As the night wears on, Louis Moline delivers a baby boy. But the child’s mother is gravely ill and he must try and find the necessary medicine.

In the game room of the lodge, Neil and Rosa have a frank discussion about their relationship. “What do you want?”

“You,” she deadpans. “You could get me out. I’m the kind of woman you need. I want you to marry me.” When Neil heartily laughs at her assertiveness, she slaps the smile right off his face. Apparently, she is the kind of woman he needs and proves it with a hungry kiss.

When Louis finally returns to the modest home that he shares with his wife, Davis delivers one of the most famous lines of her career, “What a dump.” Davis barely mutters the throwaway line that would later gain notoriety after being featured in the play Who’s Afraid of Virginia Wolf?

The next day, Rosa sashays through town on her way to the post office. Her PO box only holds junk mail. There are no letters from her lover. A pair of housewives coolly assess Rosa as she dejectedly heads back home. “Even when we were in high school,” one of them whispers, “Rosa was always different from everybody else. It’s hard on Rosa being tied to a town like this.”

To which the other woman can only reply, “It’s hard on the town.”

Once Rosa returns to her “dump”, she takes out her frustrations on her half-breed maid. “Mrs. Moline, let’s not start calling each other names,” her sassy servant (Dona Drake) warns, “I’ve got some fancy one’s saved up just aching to be used.”

From the front porch of her home, Rosa seethes under the oppressive evening glow of the town mill, “If I don’t get out of here I’ll die,” she vows, the venom of her hatred practically oozing from her every pore, “If I don’t get out of here I hope I die…and burn.”

Rosa’s ennui is briefly interrupted by the arrival of Moose’s estranged daughter, Carol (Ruth Roman). When no one is looking, Rosa tries on Carol’s fur coat. The coat represents all the fine, luxurious things that Rosa has been denied. As she strokes the fur and puffs on a cigarette, Rosa hatches another scheme. With a little money, she could really live it up in Chicago.

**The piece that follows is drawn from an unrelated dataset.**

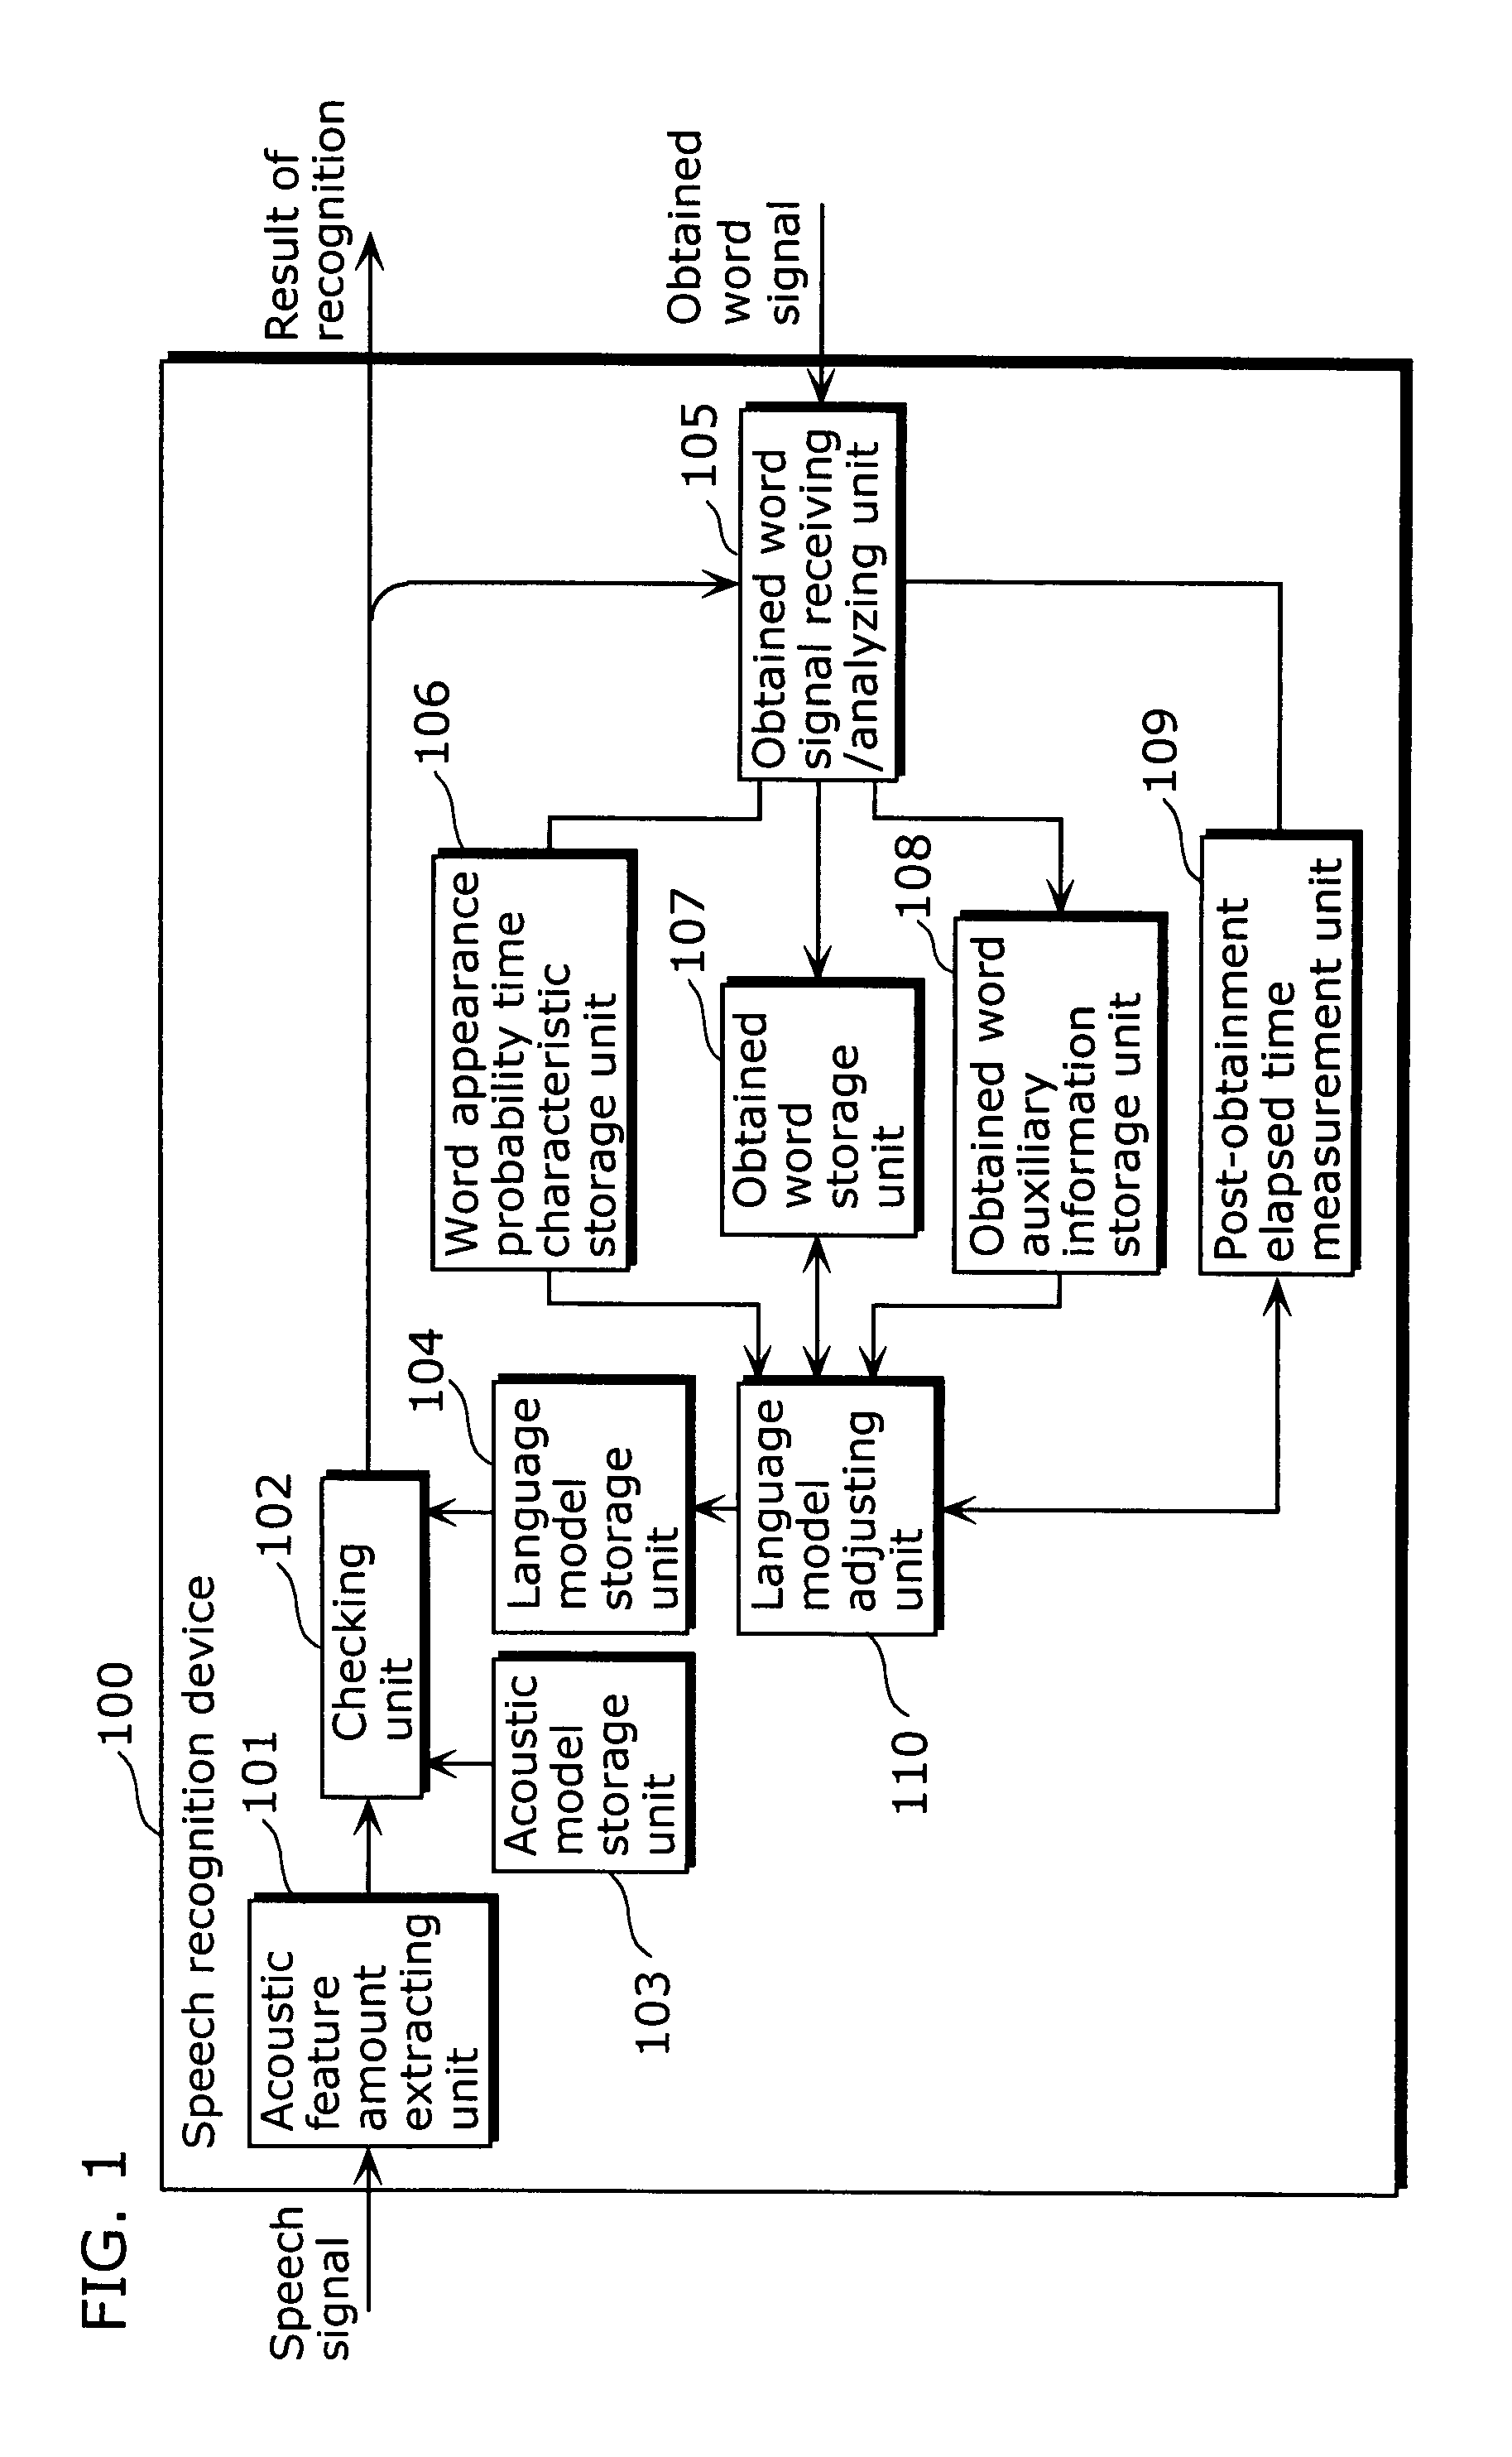 Speech recognition device and method of recognizing speech using a language model

When the townsfolk start to give Doc Moline the cold shoulder, it doesn’t take him long to figure out that Rosa has gone through his business ledgers, called all his patients and forced them to pay their past-due doctor’s bills. “Here’s the money you went begging for,” he tells her, tossing the money at her feet, “If you take it, don’t come back.”

Rosa heads to the windy city without a backwards glance. Rosa spends most of her first afternoon waiting in Latimer’s office. He calls later that evening and they go for a drive together. Neil doesn’t pull any punches and tells her that he plans to marry a society girl.

Understandably, Rosa is furious. “I came here, dragged myself on my hands and knees with no pride. Me, Rosa Moline! And you don’t want me, I’m not good enough!” she shouts, leaping from the car, “You showed me my place alright!”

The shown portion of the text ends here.